Python Basics II

Sequential datatypes

Strings

Often, you don’t want to work with single variables but with a whole list of variables. For this, you can use sequential datatypes in Python. Actually, you already got to know one of these sequential datatypes which is the string datatype:

this_is_a_string = "I am a string. But I am also a sequence of characters."

A string consists of a sequence of characters. Individual characters in a string can be accessed by specifying the string name followed by a number in square brackets ([ ]).

zeichenkette = "Remote Sensing"
zeichenkette[5]
'e'

You can also use negative indexes. Negative indexes start at the last character and go backwards:

zeichenkette[-5]
'n'

You can also select multiple characters at the same time (which is called ‘slicing’):

zeichenkette[7:14]
'Sensing'

You can check the length of a sequential datatype using the len() function.
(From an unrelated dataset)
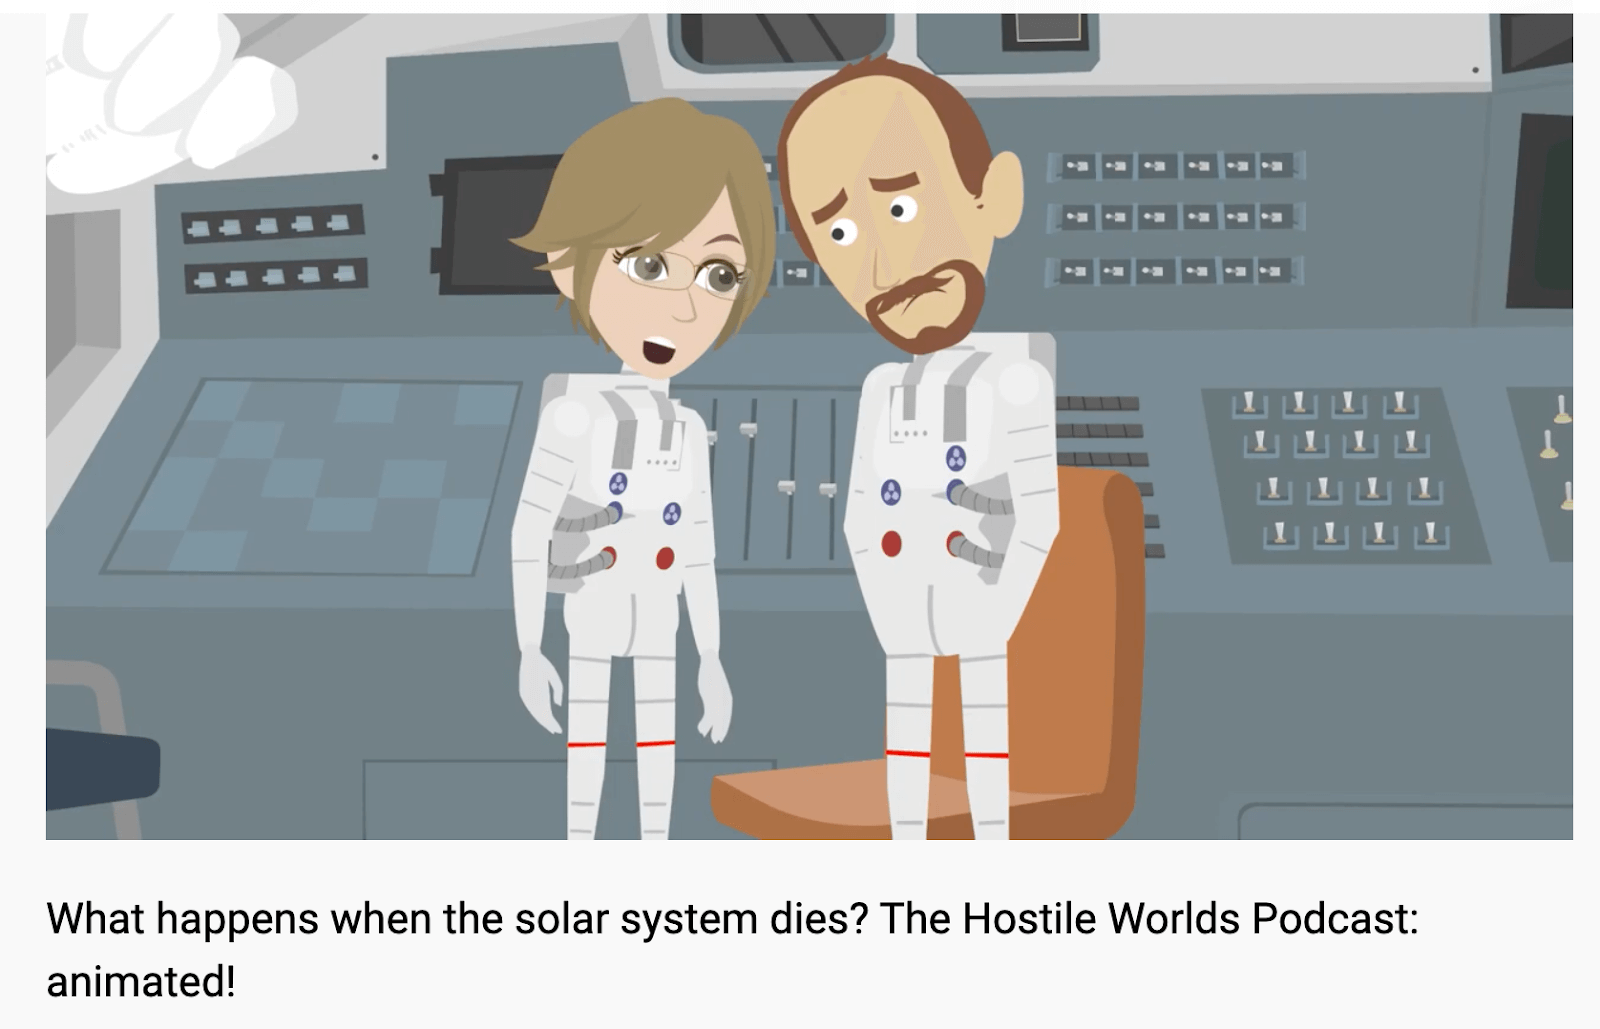 Hostile worlds how to start a video podcast

Note that the length of an object is always last index + 1 because in Python (contrary to R) indexes in sequential datatype objects start with 0.

len(zeichenkette)
14

If you specify an index that is out of the range of the sequential datatype object, an error is returned:

zeichenkette[14]

    ---------------------------------------------------------------------------

    IndexError                                Traceback (most recent call last)

    <ipython-input-5-be7520983767> in <module>()
    ----> 1 zeichenkette[14]
    

    IndexError: string index out of range


Strings in Python offer many functions, e.g.:

zeichenkette.upper() # Capitalize all letters in the string
'REMOTE SENSING'
zeichenkette.count("e") # Count the occurrences of "e" in the string
3

You can find all available functions in the Python docs: https://docs.python.org/3.7/library/stdtypes.html#string-methods

Task

  1. Assign your name (first+last) as a string to a variable.
  2. Create a new variable and assign it only your firstname using slicing.
  3. How many times does the letter “e” occur in your full name? Use a Python built in string function for this task.

Solution

  1. name = "Michael Jackson"
    
  2. vorname = name[:7]
    
  3. name.count("e")
    

Lists

Lists in Python are mutable sequences that store multiple objects:

my_list = [1,2,3,4,5]  # The easiest way to create lists is using the [ ] symbols
print(my_list)
[1, 2, 3, 4, 5]

The datatype of the objects is normally the same over the complete list but that’s not obligatory:

my_list = [90,3.1415,"I am a string"] # List with an int, float and a string
print(my_list)
[90, 3.1415, 'I am a string']

To access an element in a list, you can use it’s index (slicing also works with lists):

my_list[2]
'I am a string'

Lists also feature many built-in functions, e.g. the index method which returns the first index at which a value occurs:

zahlenreihe = [8,2,3,4,1,2,3,9,6,7,8,0,4]
zahlenreihe.index(4)
3

Lists can be sorted:

zahlenreihe.sort(reverse=True)
zahlenreihe
[9, 8, 8, 7, 6, 4, 4, 3, 3, 2, 2, 1, 0]

And similar to strings, lists also have a length:

len(zahlenreihe)
13

You can append and remove elements to/from a list:

zahlenreihe = [8,2,3,4,1,2,3,9,6,7,8,0,4]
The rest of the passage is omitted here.